SECURITIES AND EXCHANGE COMMISSION
Washington, D.C. 20549
FORM 8-K
CURRENT REPORT
PURSUANT TO SECTION 13 OR 15(d) OF THE
SECURITIES EXCHANGE ACT OF 1934
Date of Report (Date of earliest event reported): June 24, 2011
CONVERGYS CORPORATION
(Exact name of registrant as specified in its charter)
Ohio | 1-4379 | 31-1598292 | ||
(State or other jurisdiction of incorporation) |
(Commission File Number) |
(IRS Employer Identification No.) | ||
201 East Fourth Street Cincinnati, Ohio |
45202 | |||
(Address of principal executive offices) | (Zip Code) |
Registrants telephone number, including area code: (513) 723-7000
Check the appropriate box below if the Form 8-K filing is intended to simultaneously satisfy the filing obligation of the registrant under any of the following provisions (see General Instruction A.2. below):
¨ | Written communications pursuant to Rule 425 under the Securities Act (17 CFR 230.425) |
¨ | Soliciting material pursuant to Rule 14a-12 under the Exchange Act (17 CFR 240.14a-12) |
¨ | Pre-commencement communications pursuant to Rule 14d-2(b) under the Exchange Act (17 CFR 240.14d-2(b)) |
¨ | Pre-commencement communications pursuant to Rule 13e-4(c) under the Exchange Act (17 CFR 240.13e-4(c)) |
Item 1.01 | Entry into a Material Definitive Agreement. |
Information set forth under Item 2.03 of this Current Report on Form 8-K is incorporated herein by reference.

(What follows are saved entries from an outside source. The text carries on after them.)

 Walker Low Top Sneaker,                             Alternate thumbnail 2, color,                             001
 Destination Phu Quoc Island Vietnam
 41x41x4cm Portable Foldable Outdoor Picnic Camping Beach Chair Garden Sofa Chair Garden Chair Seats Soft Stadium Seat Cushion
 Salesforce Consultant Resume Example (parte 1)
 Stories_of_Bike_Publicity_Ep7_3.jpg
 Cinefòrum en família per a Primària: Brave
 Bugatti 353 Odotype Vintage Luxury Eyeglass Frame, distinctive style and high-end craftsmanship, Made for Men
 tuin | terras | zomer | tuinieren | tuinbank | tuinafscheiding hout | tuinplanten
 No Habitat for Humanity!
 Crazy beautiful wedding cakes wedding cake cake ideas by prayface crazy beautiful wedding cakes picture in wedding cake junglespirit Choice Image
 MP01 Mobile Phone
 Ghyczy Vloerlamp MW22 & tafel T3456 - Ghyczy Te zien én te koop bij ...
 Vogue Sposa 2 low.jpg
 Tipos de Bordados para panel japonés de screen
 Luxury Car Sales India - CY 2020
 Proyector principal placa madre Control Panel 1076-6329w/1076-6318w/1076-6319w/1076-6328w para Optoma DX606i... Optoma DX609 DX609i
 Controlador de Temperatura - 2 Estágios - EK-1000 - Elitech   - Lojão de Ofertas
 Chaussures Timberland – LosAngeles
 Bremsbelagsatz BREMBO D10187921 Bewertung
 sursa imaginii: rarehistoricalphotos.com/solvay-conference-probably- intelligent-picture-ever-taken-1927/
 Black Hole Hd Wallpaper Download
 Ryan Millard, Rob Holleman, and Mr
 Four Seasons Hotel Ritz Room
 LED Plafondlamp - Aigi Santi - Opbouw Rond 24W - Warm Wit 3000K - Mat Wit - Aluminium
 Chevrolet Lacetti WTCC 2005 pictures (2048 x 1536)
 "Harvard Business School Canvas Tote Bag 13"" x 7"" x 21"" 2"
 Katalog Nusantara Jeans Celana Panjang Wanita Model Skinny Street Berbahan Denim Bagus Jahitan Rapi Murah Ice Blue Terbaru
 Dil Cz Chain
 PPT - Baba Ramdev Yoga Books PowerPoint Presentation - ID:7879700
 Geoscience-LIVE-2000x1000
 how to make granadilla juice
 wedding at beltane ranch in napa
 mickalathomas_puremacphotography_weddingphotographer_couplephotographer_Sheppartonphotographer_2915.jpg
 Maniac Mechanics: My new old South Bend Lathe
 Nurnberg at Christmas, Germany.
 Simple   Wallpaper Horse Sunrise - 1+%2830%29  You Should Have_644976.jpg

Item 2.03 | Creation of a Direct Financial Obligation or an Obligation under an Off-Balance Sheet Arrangement of a Registrant. |
Amendment to Receivables Purchase Agreement
On June 24, 2011, Convergys Corporation (the Company) entered into Amendment No. 3 (the Amendment) to the Receivables Purchase Agreement, dated as of June 30, 2009 (the Agreement), relating to the Companys accounts receivable securitization facility. The Amendment is among the Company, as initial Servicer and Performance Guarantor, Convergys Funding Inc., as Seller, Liberty Street Funding LLC, The Bank of Nova Scotia, as Purchaser and Scotiabank Group Agent, and Wells Fargo Bank, N.A., successor by merger to Wachovia Bank, National Association, as Purchaser and Administrative Agent. Capitalized terms used and not otherwise defined herein are used with the meanings attributed thereto in the Amendment.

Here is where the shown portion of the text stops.